Se i poveri difendono le ragioni dei ricchi invece di non essere più poveri allora la lotta di classe è finita

«Finché c’è in giro un solo ricco che rischia di essere tassato non mi sentirò mai completamente libero» è il nuovo comandamento morale che si è infilato nella narrazione imperante; è l’evoluzione successiva al fingersi ricco per bullarsi al bar del paesello (una roba che fa tanto Anni 80) che poi si è evoluto nel professarsi in qualche esotica vacanza inventata sul proprio profilo Facebook, che poi si è evoluto nelle foto da sboroni su Instagram e che ora è sfociato nel diventare sindacalisti dei ricchi per lasciare intendere di avere un appartamentino da un milione di euro che la nonna si prepara a lasciare in eredità. Non c’è che dire: se l’egemonia culturale è la propagazione artefatta di una chiave unica di lettura allora i poveri che ragionano come i ricchi (senza nemmeno pretendere furiosamente di non essere più poveri) è la chiara, definitiva vittoria della lotta di classe. Hanno vinto loro.

Gli aiuti economici per i poveri sono volgari ‘sussidi’, quelli riservati ai ricchi scintillanti ‘incentivi’

Per carità, che i ricchi si ingegnino per difendersi è un atteggiamento naturale e comprensibile, partiti e associazioni nascono per salvaguardare gli interessi di una precisa parte di persone dalla notte dei tempi, e che si ingegnino per proporre espedienti culturali è una componente delle strategia generale: non è un caso che qui dalle nostre parti da anni gli aiuti economici dati ai poveri vengano volgarmente chiamati sussidi (da pronunciare con con uno schifato sputacchiamento incorporato) mentre i soldi ai ricchi si siano meritati lo scintillante appellativo di “incentivi”. Anche la reazione dell’arco parlamentare era prevedibile: diventa sempre più attuale l’analisi che Noam Chomsky fece degli Usa e che vale anche qui, di un parlamento in cui c’è solamente un partito, il business party, diviso in varie fazioni per garantire il pluralismo formale, che sempre più spesso tutela gli interessi di una minoranza con politiche che vengono rivendute come soluzioni ai problemi di tutta la società.

L’indignazione per una normale tassa di successione fotografa un Paese che non ha concordanza con i numeri reali

Ma la levata di scudi contro il Reddito di cittadinanza affiancata alla popolosa indignazione per una normale tassa di successione fotografa un Paese che non ha nessuna concordanza con i numeri reali: o siamo un popolo di ricchi a nostra insaputa oppure si è incastrato qualche meccanismo di percezione della realtà.

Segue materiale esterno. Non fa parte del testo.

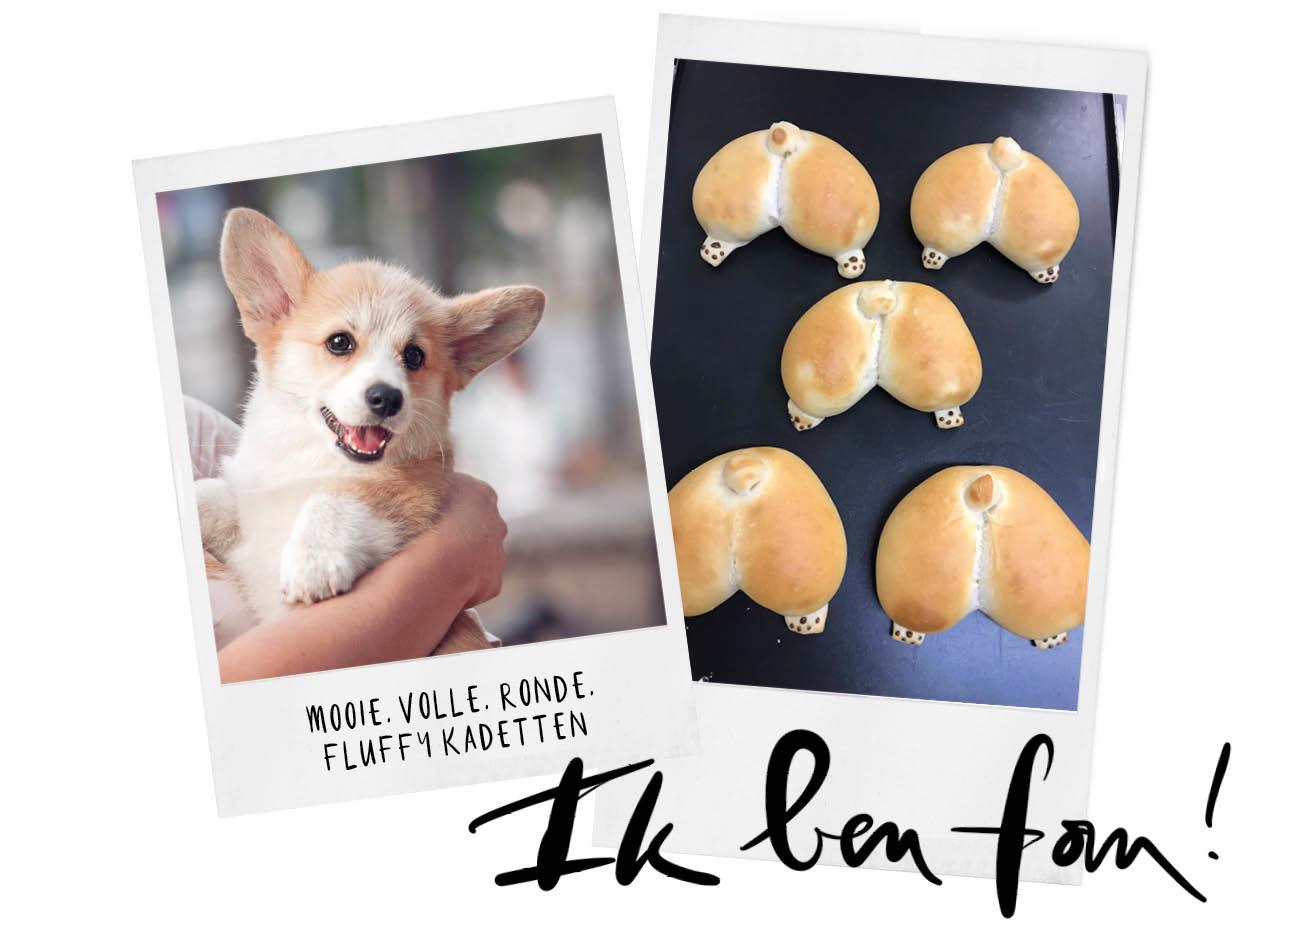 hond in iemand armen kontjes koekjes

Oppure, più semplicemente, siamo ingolfati da una masnada di editorialisti che al pari di Marcello Sorgi possono andare in scioltezza in televisione e dire piacioni: «Chi di noi non ha vissuto in una casa da un milione di euro?». Senza nemmeno temere uno scapellotto dal Paese reale che viene evocato in ogni editoriale di imbiancati opinionisti rinchiusi nella torre d’avorio.

Le barricate della politica alla proposta vagamente di sinistra scappata a Enrico Letta

Così si chiude questa settimana in cui ogni utente Twitter ha avuto la sua occasione di quindici minuti di fama accolto nell’esercito di quelli che ha sempre sognato di riuscire a frequentare. Enrico Letta, a cui è scappata per distrazione una proposta vagamente di sinistra, si è ritrovato a difendersi anche dal fuoco amico (deve essere nel karma di Letta, è evidente).

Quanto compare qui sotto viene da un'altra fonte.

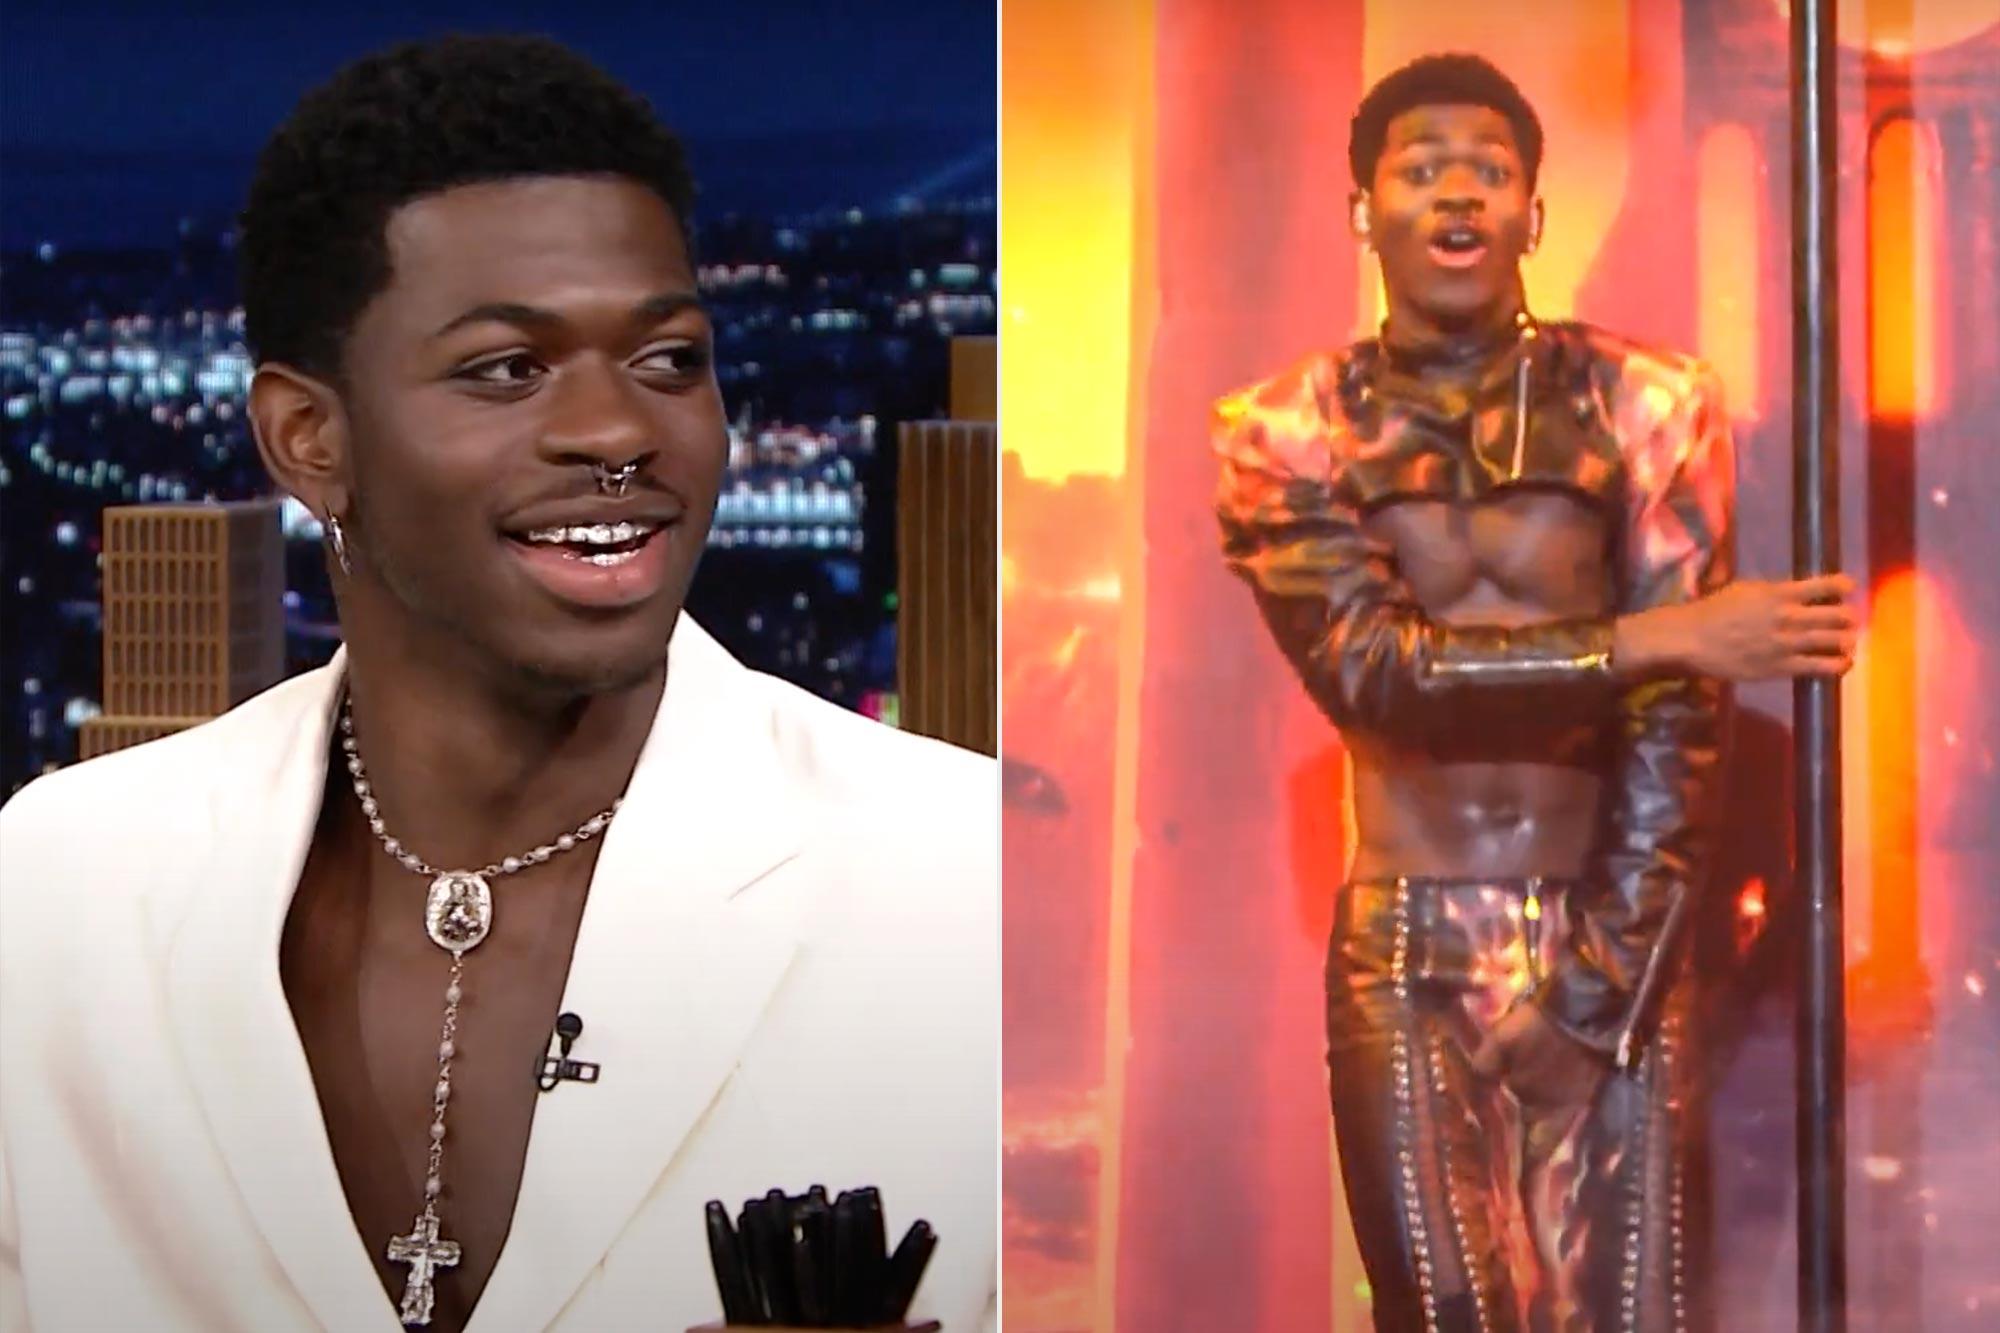 Lil Nas X Details His SNL Wardrobe Malfunction | The Tonight Show Starring Jimmy Fallon

Il resto è il solito gioco di tutte le settimane: Salvini ha risposto con una bella foto in cui beve una spremuta condita da un intenso ragionamento politico («Per me spremuta d’arancia, per Letta spremuta di tasse … Buon venerdì Amici»), nel Pd qualcuno ha puntualizzato che l’imposta di successione è solo un’idea per il governo successivo (dimenticandosi di buttare un occhio ai sondaggi), Draghi ha fatto il Draghi. Ma il capolavoro deve essere avvenuto nella testa del presidente di Regione Lombardia Attilio Fontana che avrà sicuramente dormito malissimo all’idea di dover pagare un’imposta di successione a sua insaputa. Buon fine settimana.